The International Surface Temperature Initiative seeks to create a consolidated global land surface temperatures databank as an open and freely available resource to climate scientists.
To achieve this goal, climate datasets, known as “decks”, are gathered from participating organisations and merged into a combined dataset using a scientifically peer reviewed method which assesses the data records for inclusion against a variety of criteria.
Given the need for openness and transparency in creating the databank, it is essential that the provenance of the source data is clear. Original source data, particularly for records captured prior to the mid-twentieth century, may be in hard-copy form. In order to incorporate the widest possible scope of source data, the International Surface Temperature Initiative is supported by data rescue activities to digitise hard copy records.
The data is, where possible, published in the following four stages:
- Stage 0: raw digital image of hard copy records or information as to hard copy location
- Stage 1: data in native format provided
- Stage 2: data converted into a common format and with provenance and version control information appended
- Stage 3: merged collation of stage 2 data within a single consolidated dataset
The Stage 1 data is typically provided in tabular form - the most common variant is white-space delimited ASCII files. Each data deck comprises multiple files which are packaged as a compressed tar ball (.tar.gz). Included within the compressed tar ball package, and provided alongside, is a read-me file providing unstructured supplementary information. Summary information is often embedded at the top of each file.

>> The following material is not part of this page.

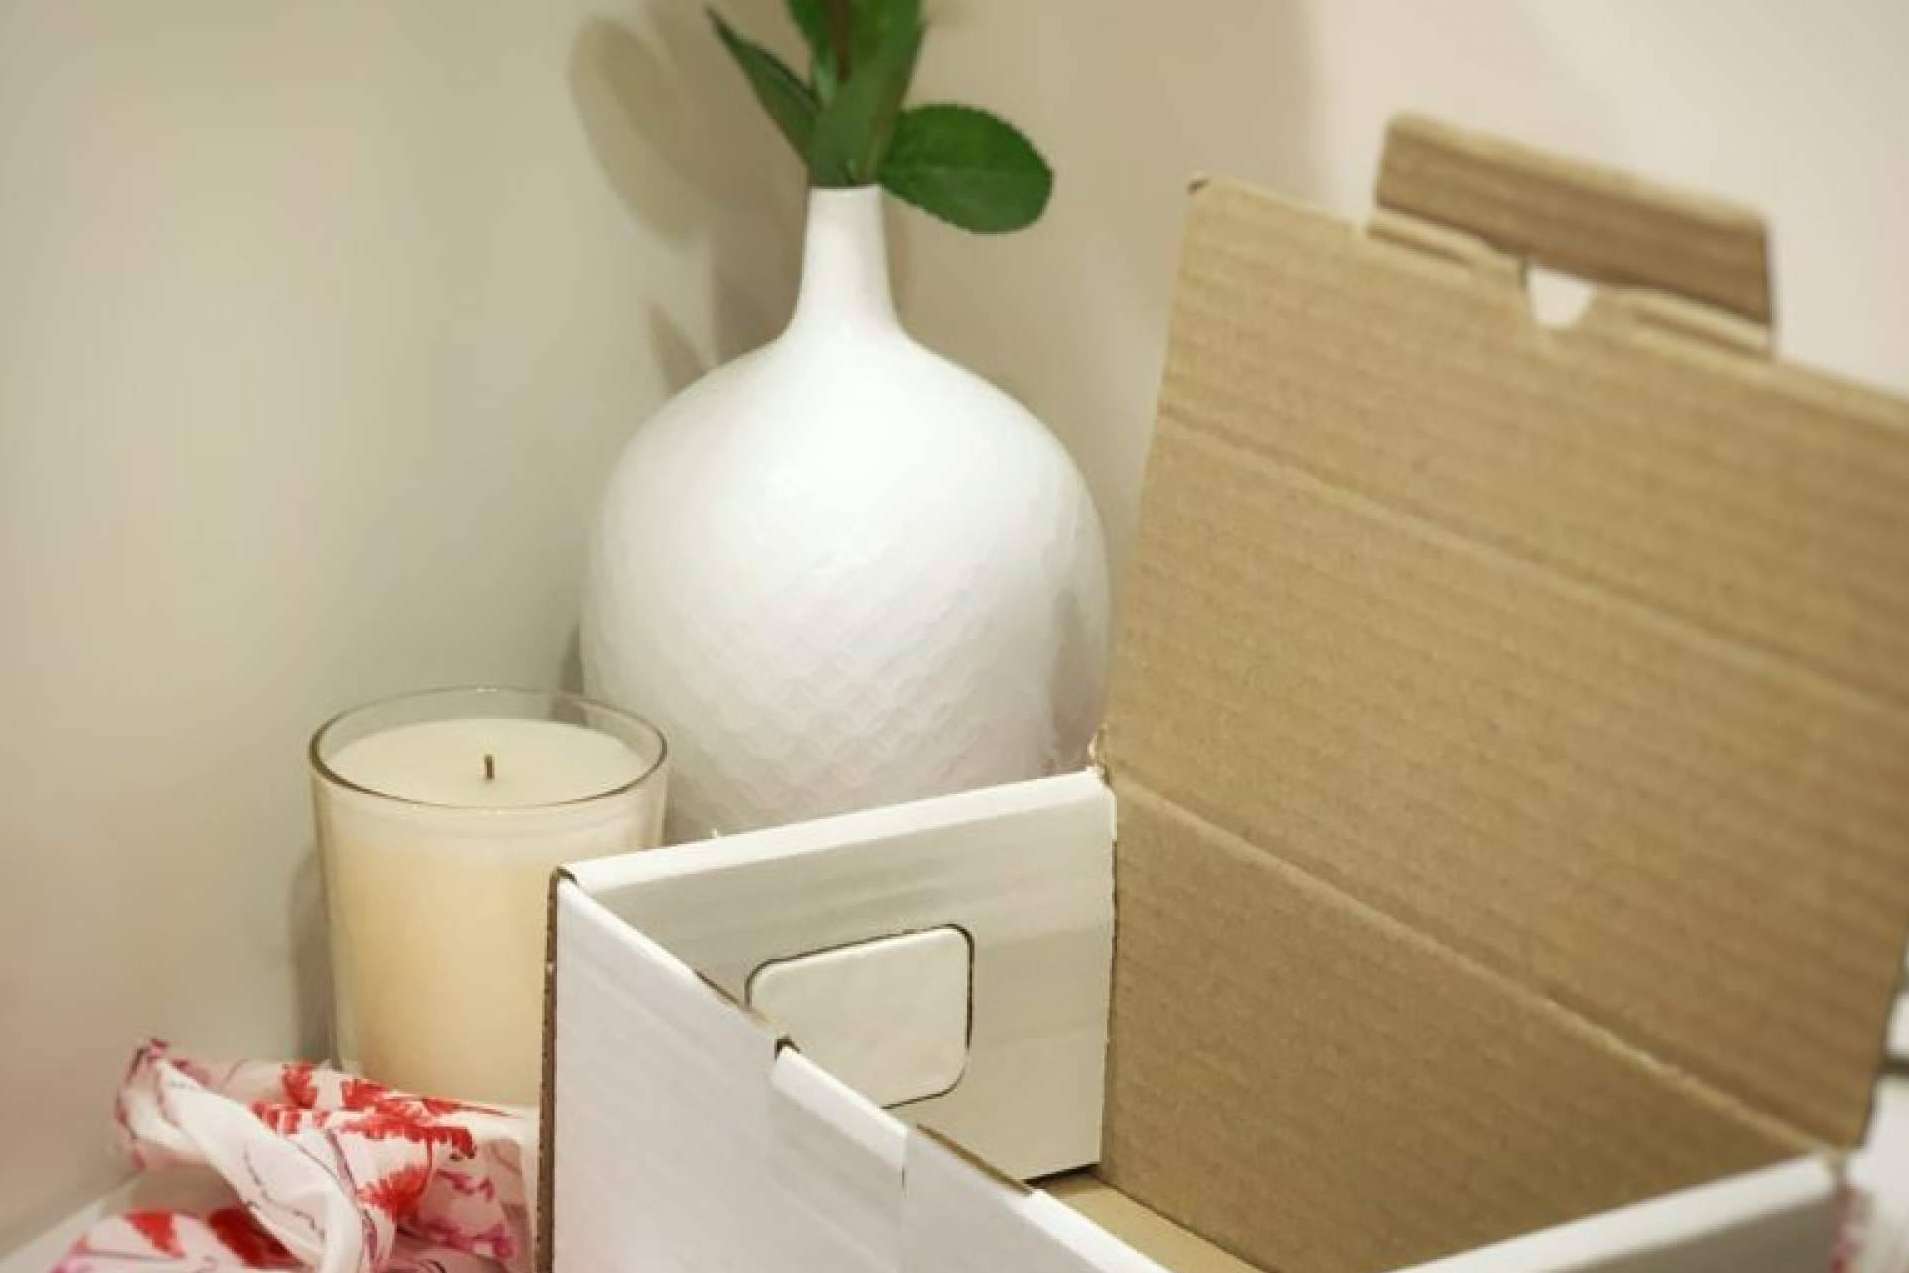 Las empresas pueden crear momentos memorables con un unboxing que incluye aromas perfumados

For example, see the Ugandan Stage 1 data deck and associated readme file.
The Ugandan Stage 1 data deck appears to be comprised of two discrete datasets, each partitioned into a sub-directory within the tar ball: uganda-raw and uganda-bestguess. Each sub-directory includes a Microsoft Word document providing supplementary information about the provenance of the dataset; of particular note is that uganda-raw is collated from 9 source datasets whilst uganda-bestguess provides what is considered by the data publisher to be the best set of values with duplicate values discarded.
REQ: annotation and supplementary information
Dataset uganda-raw is split into 96 discrete files, each providing maximum, minimum or mean monthly air temperature for one of the 32 weather observation stations (sites) included in the data set. Similarly, dataset uganda-bestguess is partitioned into discrete files; this case just 3 files each of which provide maximum, minimum or mean monthly air temperature data for all sites. The mapping from data file to data sub-set is described in the Microsoft Word document.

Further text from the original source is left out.